In kids, we try to avoid invasive monitoring when we can, and sometimes we simply cannot use the same devices adults use. Adults may have Swan-Ganz catheters or dynamic echo monitoring. Some adult patients can have a scope in the esophagus monitoring heart function continuously. For us, we often have to do repeat echocardiograms and interpret a lot of data points more indirectly.
We’re good at interpreting those things, but there are still devices and techniques that need to be developed for children.
How much of pediatric innovation depends on adapting tools from elsewhere?
A lot of it.
FETO is a perfect example. The balloon we use for fetoscopic endoluminal tracheal occlusion is actually a neurosurgical instrument. It’s an embolectomy balloon, a detachable balloon used to embolize something. It was not made to be placed in a fetus with congenital diaphragmatic hernia.
To use it that way, we needed an investigational device exception from the FDA. That took almost three years to obtain. There was a lot of back and forth.
In myelomeningocele cases, we use vascular sheaths as trocars. Instead of using a normal trocar, we use something smaller and softer because we’re putting it directly into the uterus. We need to be able to cut it, and we need it to be gentle. Those sheaths were designed for endovascular procedures, but we adapt them for fetal surgery.
That is what makes pediatric surgery interesting. You have to think of different ways to make things fit for little kids.
Recovery Is Part of the Operation
Are there examples of pediatric surgery changing adult care, instead of the other way around?
Yes. There are a few things the adult world has learned from us.
Nonoperative trauma management really came from pediatrics. Splenic salvage is a good example. In children, taking out the spleen is a much bigger deal than it is in adults because of the immunologic and infectious risks. Pediatric surgeons pushed hard to avoid removing spleens after blunt solid organ injury.
That approach translated into adult trauma care, where surgeons used to operate on spleens much more often. Now they are salvaging them more.
Some things don’t translate, though. In pediatrics, we do an interesting laparoscopic hernia repair using a little snare technique. It works because groin hernias in kids are congenital. You can close the ring without mesh.

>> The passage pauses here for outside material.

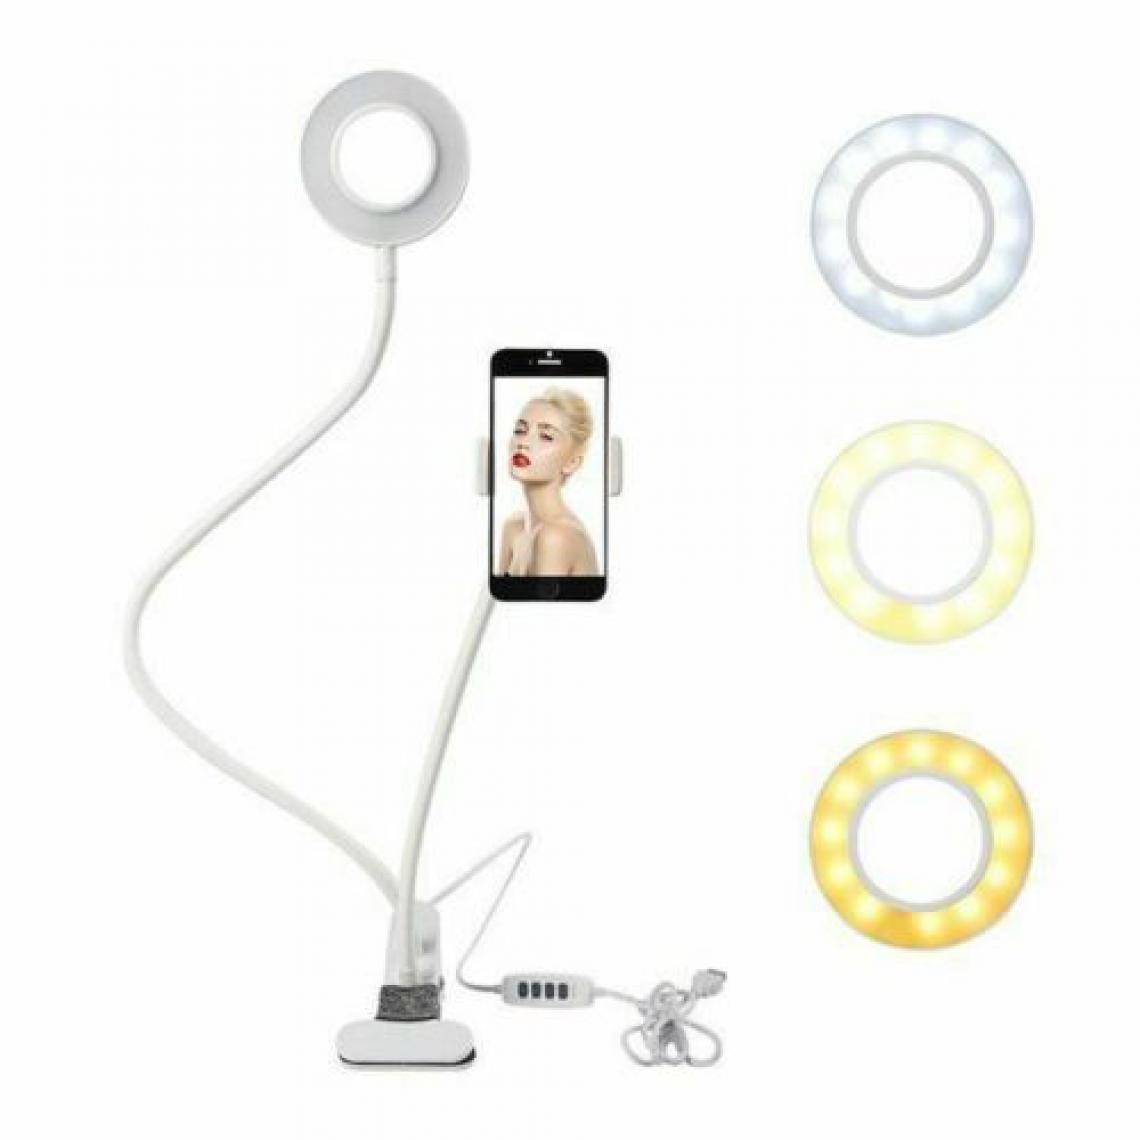 Ozzzo - Stand support bureau selfie led ozzzo blanc pour Doogee X5 3G Galicia - Station d'accueil smartphone

That would be the wrong surgery in an adult. Adult hernias are often caused by weakness in the abdominal wall, so you need mesh to reinforce the area. It’s a different mechanism.
I know fetal surgery is a big passion of yours, and you’ve talked before about fetal surgery as a way to intervene earlier, while the fetus still has this extraordinary capacity to heal. Is that idea expanding?
There is huge momentum in fetal surgery, intervention, and diagnosis.
First, we are getting better at diagnosing things earlier and earlier. Second, the interventions are becoming less invasive. That includes fetoscopic repair of myelomeningocele, aspiration of cysts, placement of thoracoamniotic shunts, and other shunts used to decompress different parts of the body.
We’re gaining more experience, and the procedures are becoming less invasive.
Does the use of genetics or gene therapy impact this?
Absolutely. There is a big push toward gene therapy. Some exciting developments are coming for metabolic conditions, not just surgical issues.
For surgical conditions like spina bifida and myelomeningocele, there is a lot of research into stem cell products—microvesicles and stem cell injections used during repair to support spinal cord structure and coverings. The idea is to stimulate repair of structures like the dura and other spinal cord coverings.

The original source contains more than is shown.